Maier äußerte sein Unverständnis darüber, dass das Verwaltungsgericht Weimar am Freitag auch für die zwei Veranstaltungstage in Apolda nahezu alle Auflagen der Versammlungsbehörde gekippt hat. Bei dem Rechtsrock-Event träten Bands auf, die offen zu schweren Straftaten wie Mord aufgerufen hätten. Dies sei vom Gericht nicht berücksichtigt worden. «Andere Gerichte in Deutschland haben da sehr kurzfristig anders entschieden», sagte er.

Das Verwaltungsgericht Weimar hatte am Freitag zu den Auflagen für Apolda mitgeteilt, Einschränkungen dürfe es nur geben, wenn eine unmittelbare Gefahr für die öffentliche Sicherheit oder Ordnung bestehe, die durch handfeste Tatsachen belegt sei. Bloße Verdachtsmomente und Vermutungen genügten hingegen nicht.

Der Minister hatte zuvor schon die Kritik der Richter an Behörden-Auflagen für Magdala zurück gewiesen: «Das Argument, dass es zu wenig Zeit gab, die Auflagen zu prüfen, akzeptiere ich nicht», sagte er. Für Magdala hatte das Thüringer Oberverwaltungsgericht (OVG) in der Nacht zum Freitag fast alle von den Behörden genannten Auflagen für die Veranstalter endgültig abgelehnt, darunter ein Auftrittsverbot für bestimmte Bands und ein Verbot, Nazisymbole und -codes zu zeigen.

Das stieß auch bei der Mobilen Beratung gegen Rechtsextremismus (Mobit) auf Unverständnis. «Bei solchen Freiräumen für die Neonazi-Szene müssen wir uns in Thüringen nicht wundern, dass wir zu einem Zentrum der Hassmusik geworden sind», erklärte der Mobit-Vorstandsvorsitzende Sandro Witt.

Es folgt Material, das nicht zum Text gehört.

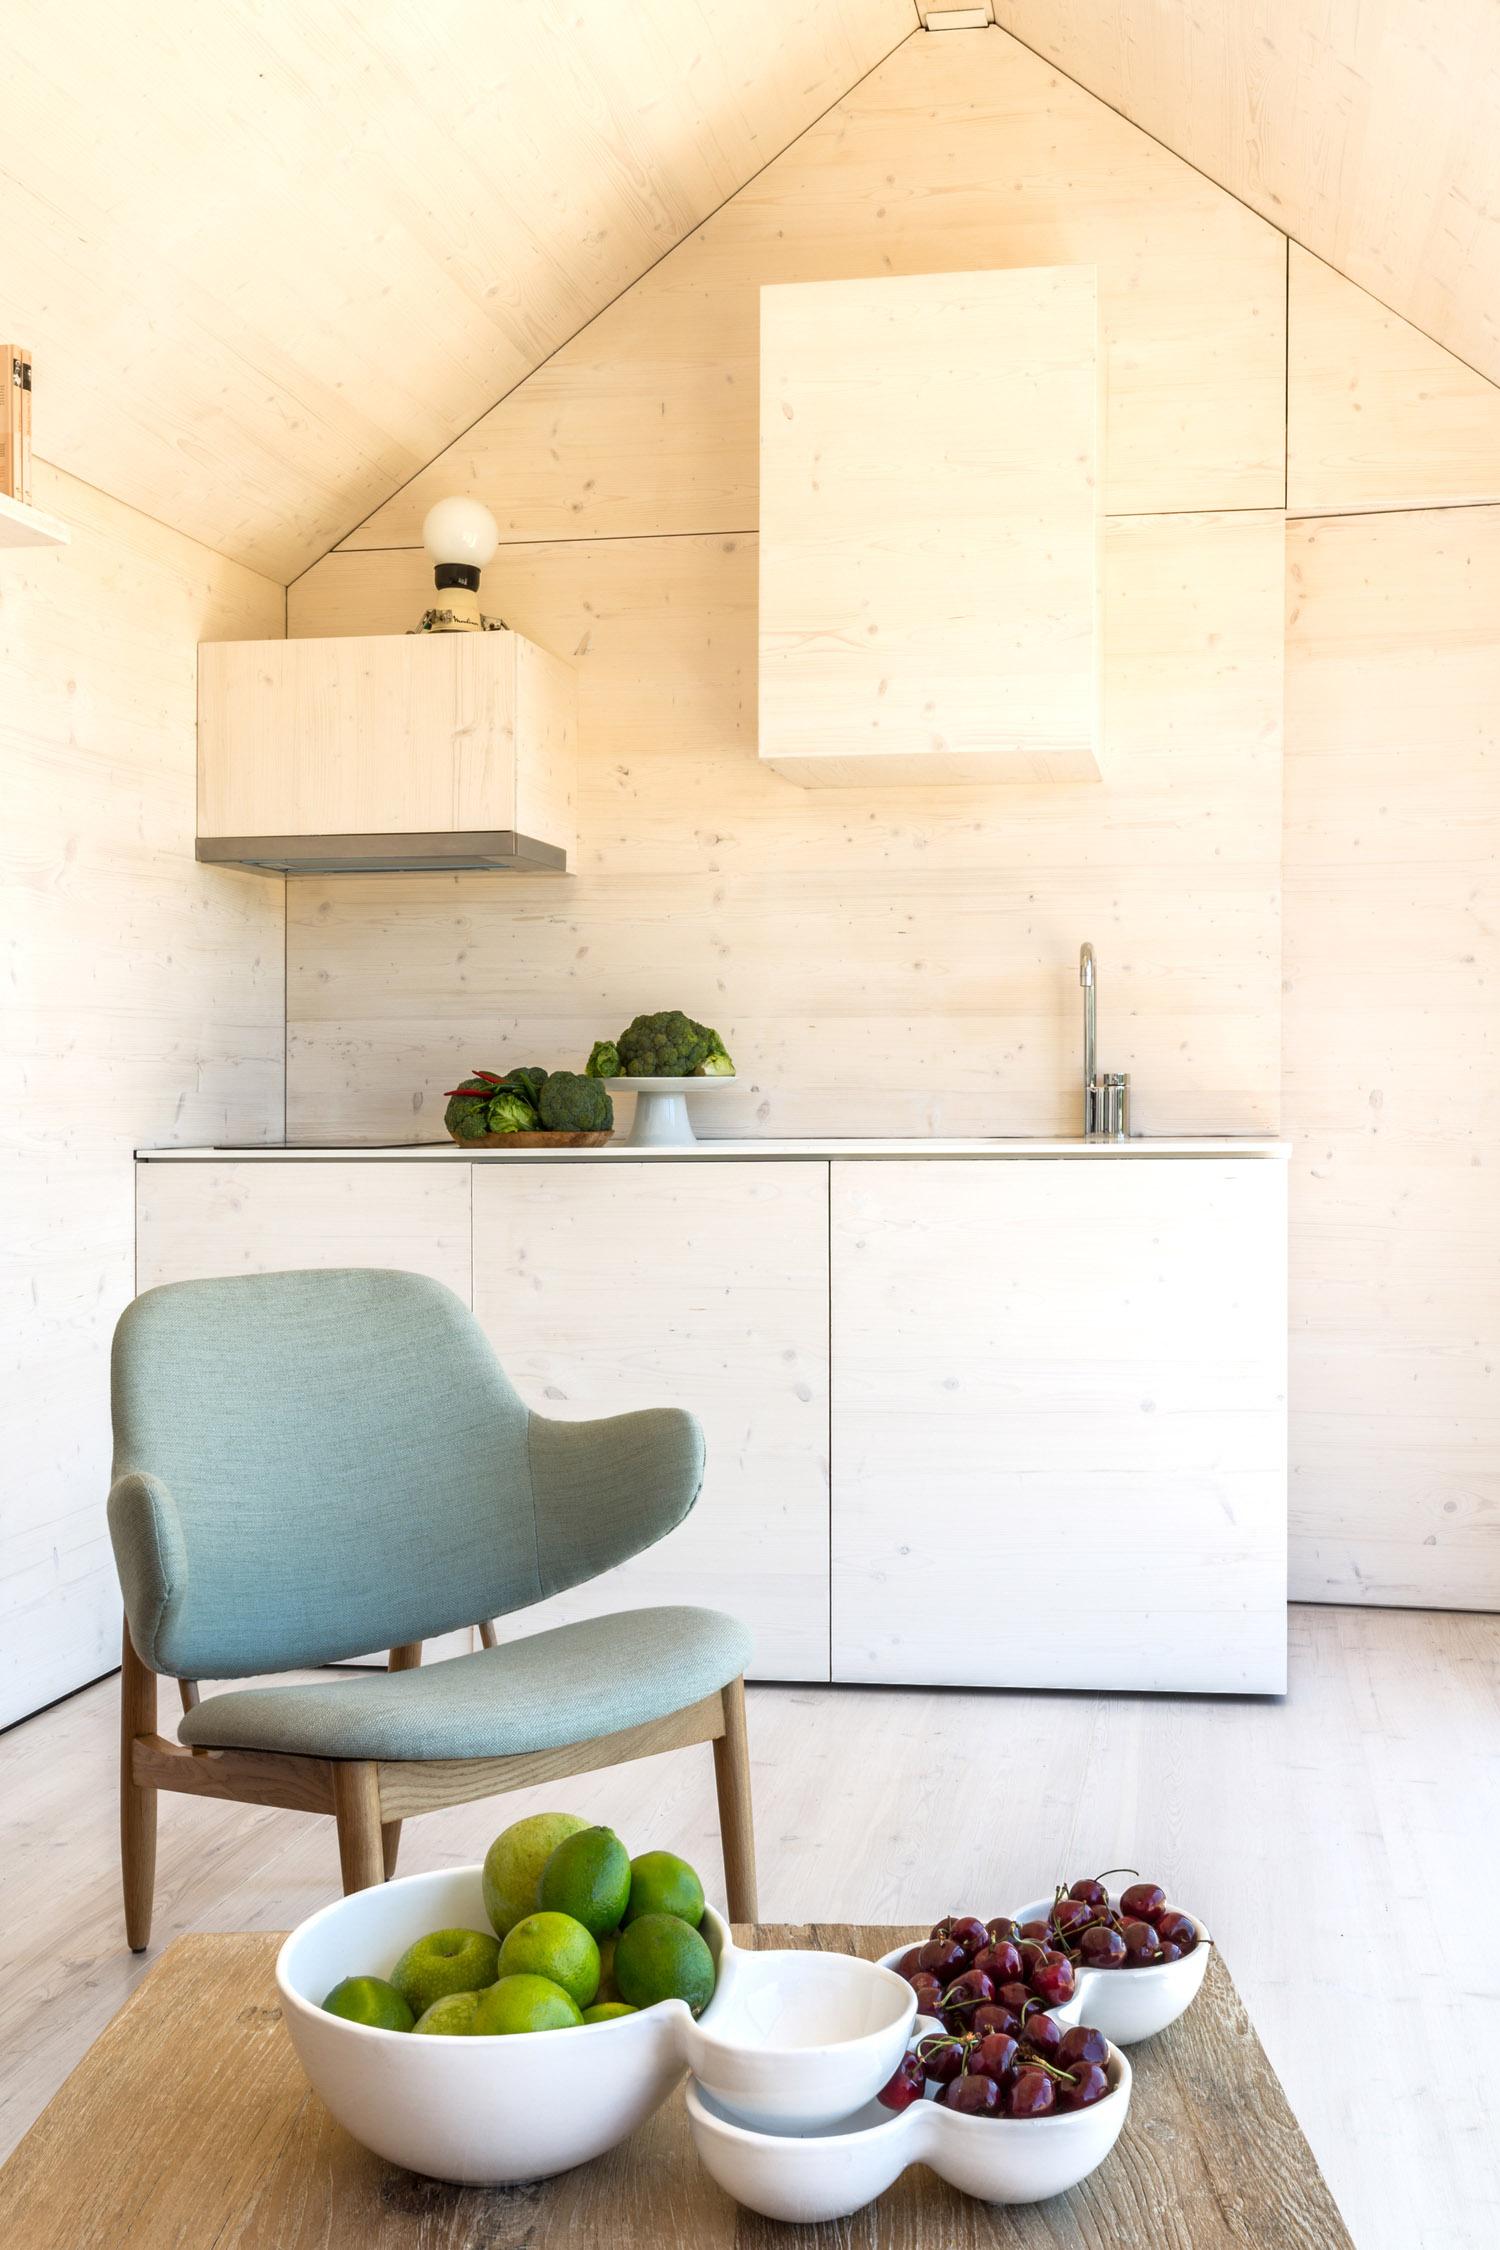 Portable home by architecture studio ÁBATON 13
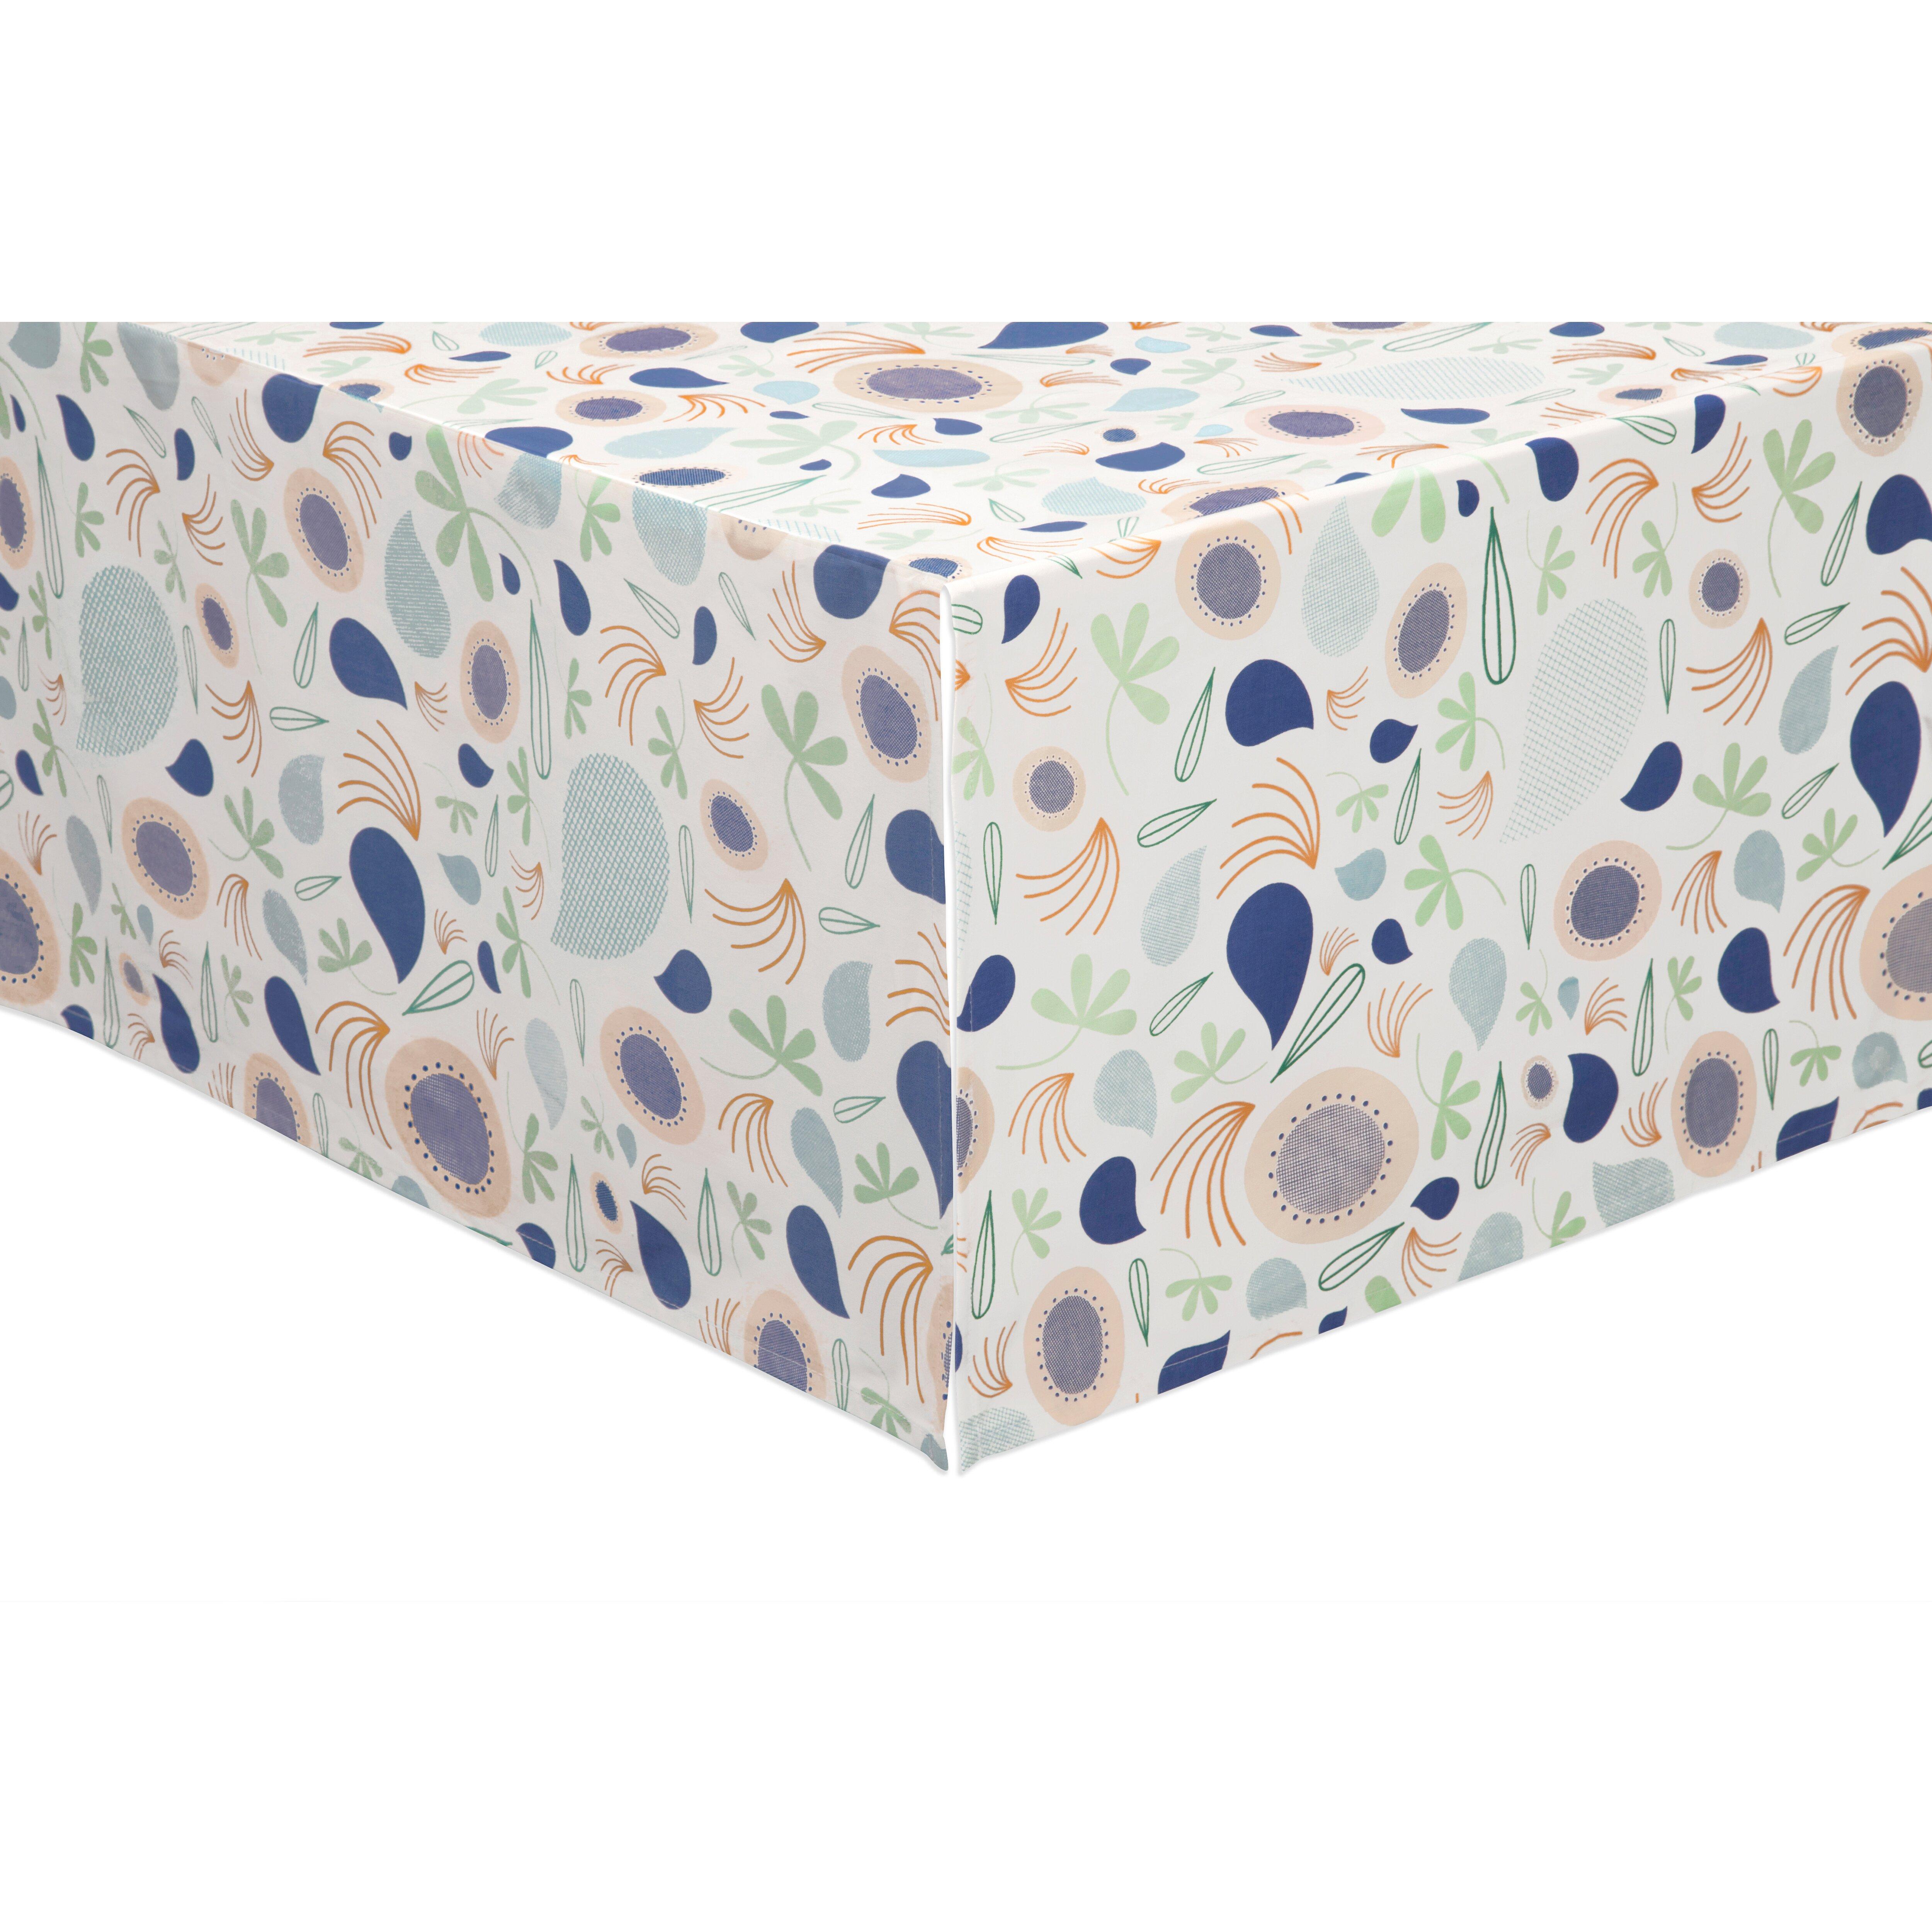 Crib for sale gatineau - Babyletto Fleeting Flora 6 Piece Crib Bedding Set

Mobit hat in den vergangenen Jahren 52 als politische Kundgebung angemeldete Konzerte gezählt, darunter auch die teils von bis zu 6000 Rechtsextremen besuchten Konzerte im südthüringischen Themar in diesem und im vergangenen Jahr. Nach Erkenntnissen der Landesregierung gab es im vergangenen Jahr insgesamt 10 rechtsextreme Liedermacher und 14 Neonazi-Bands, die aus Thüringen stammen. Außerdem wickeln laut Innenministerium 14 rechtsextreme Labels oder Online-Händler aus den verschiedenen Teilen des Freistaats heraus ihre Geschäfte ab.